Сидели дома, пока не кончались продукты. Пирожки, которые пекла капитанша, становились все мельче, расписанные цветами блюда — все больше. И вот, когда в доме совсем не оставалось съестного, капитанша вставала у двери, упирала руки в бока, вытирала уголком передника красный нос и говорила солдатским голосом:

— Ваше превосходительство! А дальше, а?

Тогда генерал подходил к своему сундучку орехового дерева. В ореховом сундучке лежали эполеты, несколько золотых монет, маленький острый кинжал, старые документы на толстой, плотной бумаге, а еще несколько выстеленных атласом шкатулок с бриллиантами. И всякий раз, когда капитанша вставала у дверей и сморкалась в передник, генерал вынимал одну из этих шкатулок, давал Люку в зубы шпицрутен и отправлялся на базар.

Он долго там стоял. Крестьяне и крестьянки подходили, шарили в шкатулке заскорузлыми пальцами, спрашивали без всякого интереса:

— Що це таке?

Толстые торговки, бабы с самокрутками в зубах, бросали на украшения жадные взгляды и тихо гнусавили, будто при старом режиме:

— Ну не торгуйтесь, ваше благородие. Не пристало оно вам, барин…

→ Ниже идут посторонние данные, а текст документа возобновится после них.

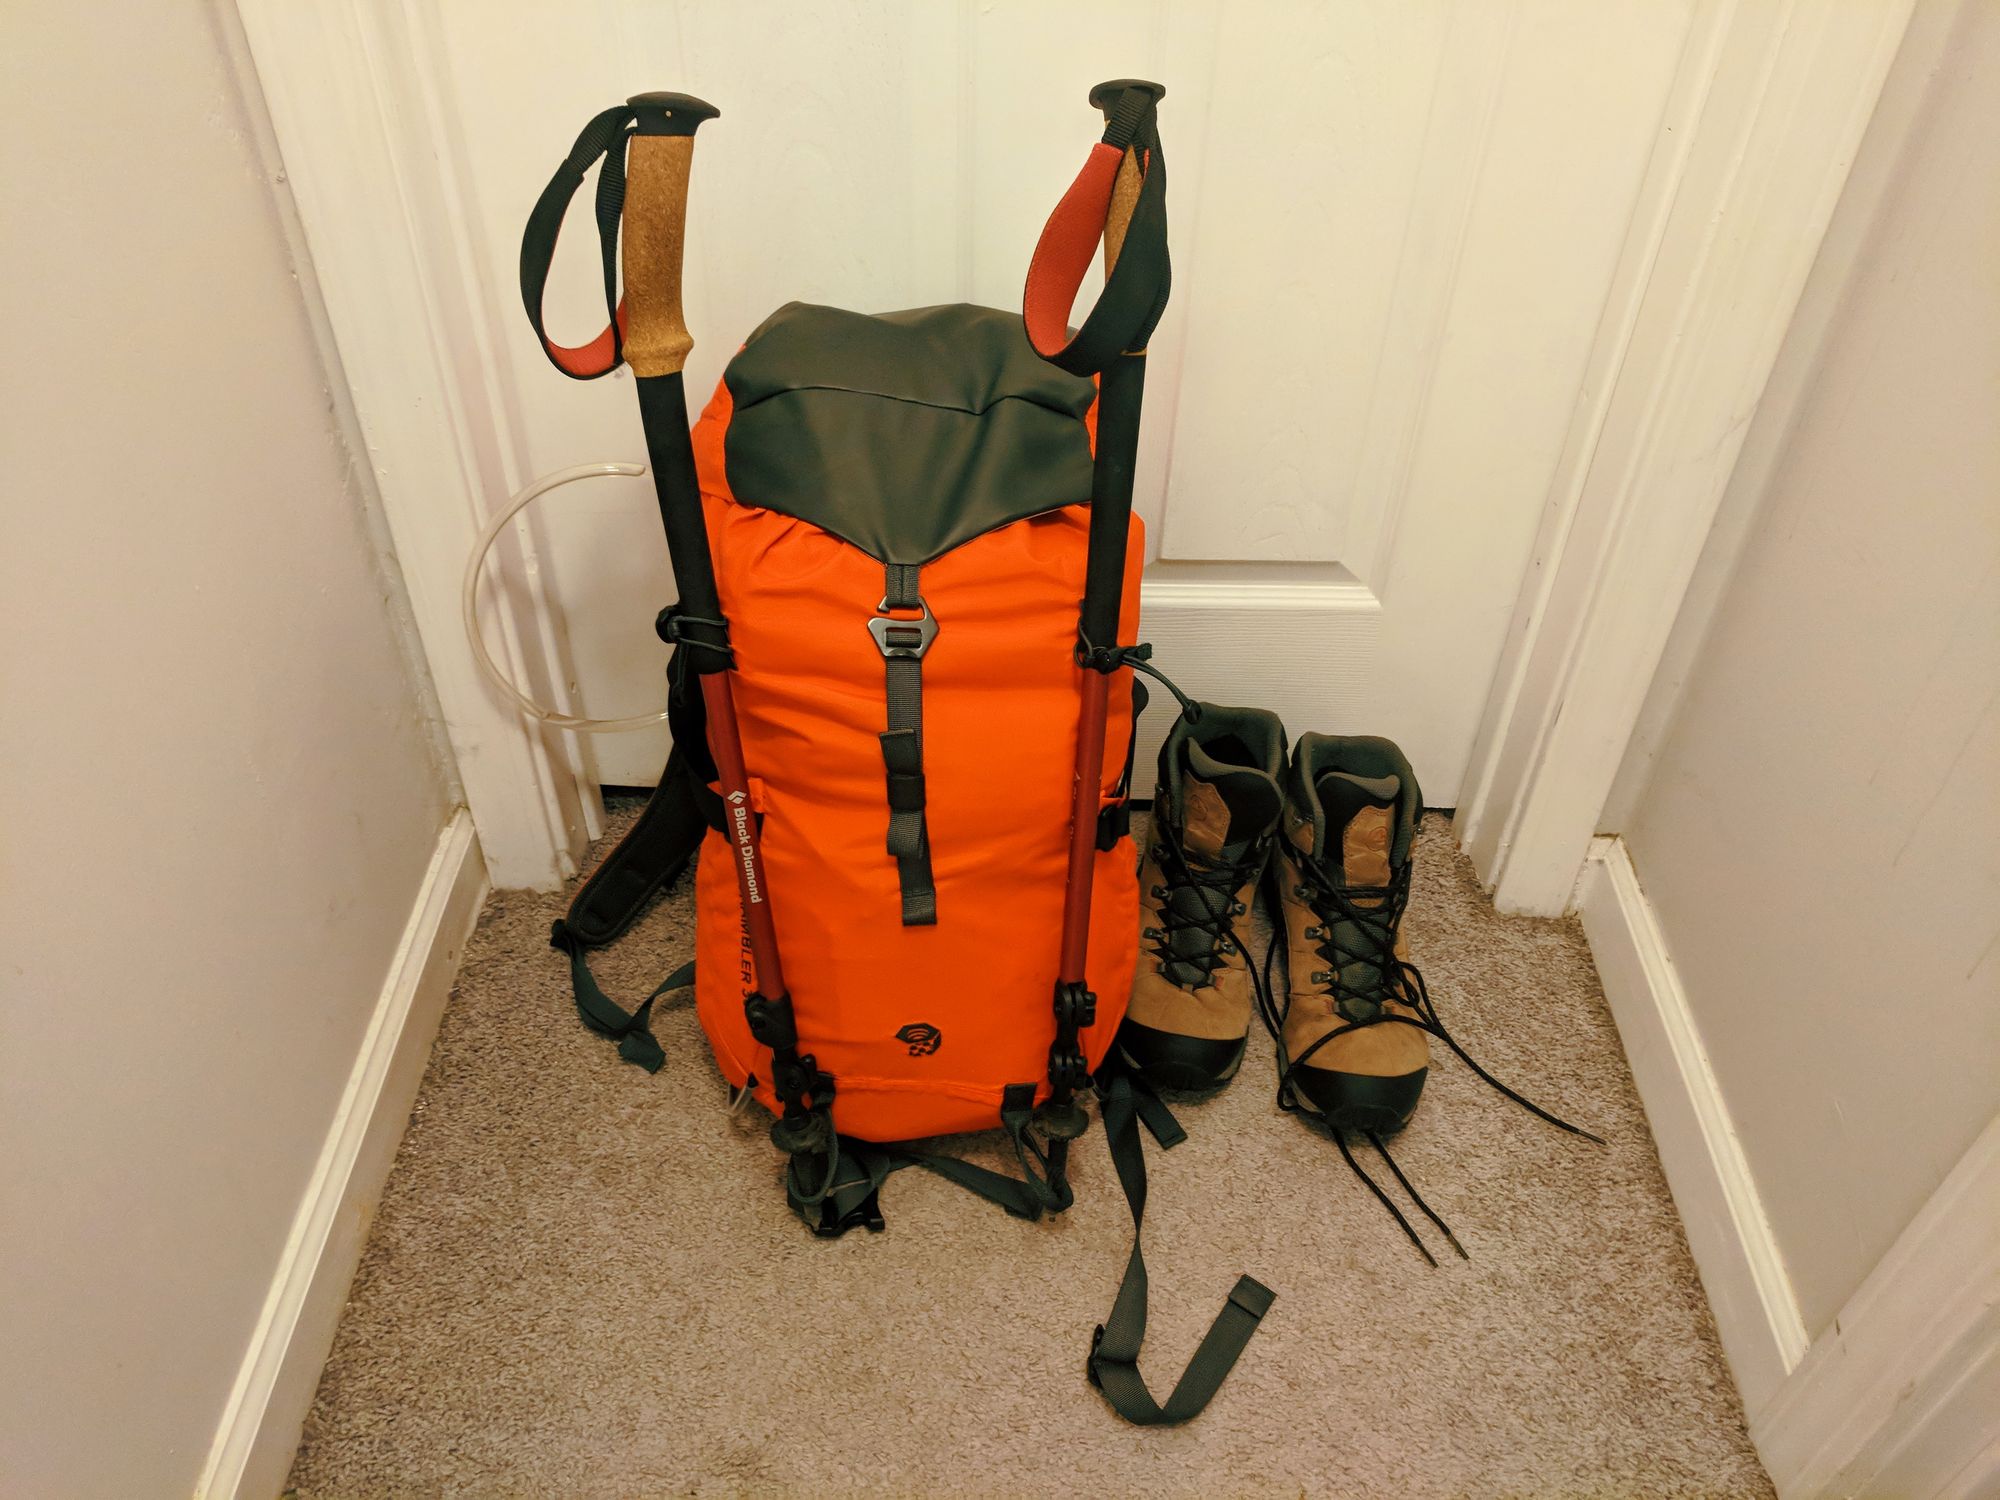 Some Notes on Ultralight Packing

Генерал не отвечал. Часами стоял со шкатулкой в руке, неподвижно, как солдат на посту, да иногда командовал собаке:

— Люк, смирно!

Но Люк не мог усидеть на месте.

На базаре было оживленно и шумно. Инвалиды хромали на костылях и играли на гармошках; слепые парни в шинелях играли на скрипках; солдаты насвистывали, плясали, продавали и покупали; бабы сидели возле жестяных буржуек, готовили, разливали варево по мискам и котелкам, брали деньги и покрикивали:

— Быстрей ешьте, миски надо!

А посредине стояло передвижное кино, двухколесный фургон с пропыленным занавесом. Там, за этим занавесом, дрались английские матросы, танцевали негры и обнаженные девушки выкидывали всякие штуки. И кто-нибудь то и дело подходил и совал под грязный занавес голову, поворачиваясь ко всему рынку задом.

Лиц не видать, одни зады: ветхие ватные штаны и красные юбки, необъятные украинские шаровары и подшитые кожей рейтузы. Вот стоит парочка: у него — черная как уголь борода и кнут в руке, у нее — тонкие, длинные черные косы и монисто на шее. Мужики и бабы думают, что это цыгане, и просят раскинуть карты.

Цыганка с черными косами гортанно зазывает:

— По пять р-р-рублей, товарищи!

Но как только ее чернобородый муженек снова тянется, чтобы ущипнуть за зад какую-нибудь девку, цыганка переходит на одесский говорок:

— Гришка, момзер несчастный! Шоб тебе руки отсохли! Гришка!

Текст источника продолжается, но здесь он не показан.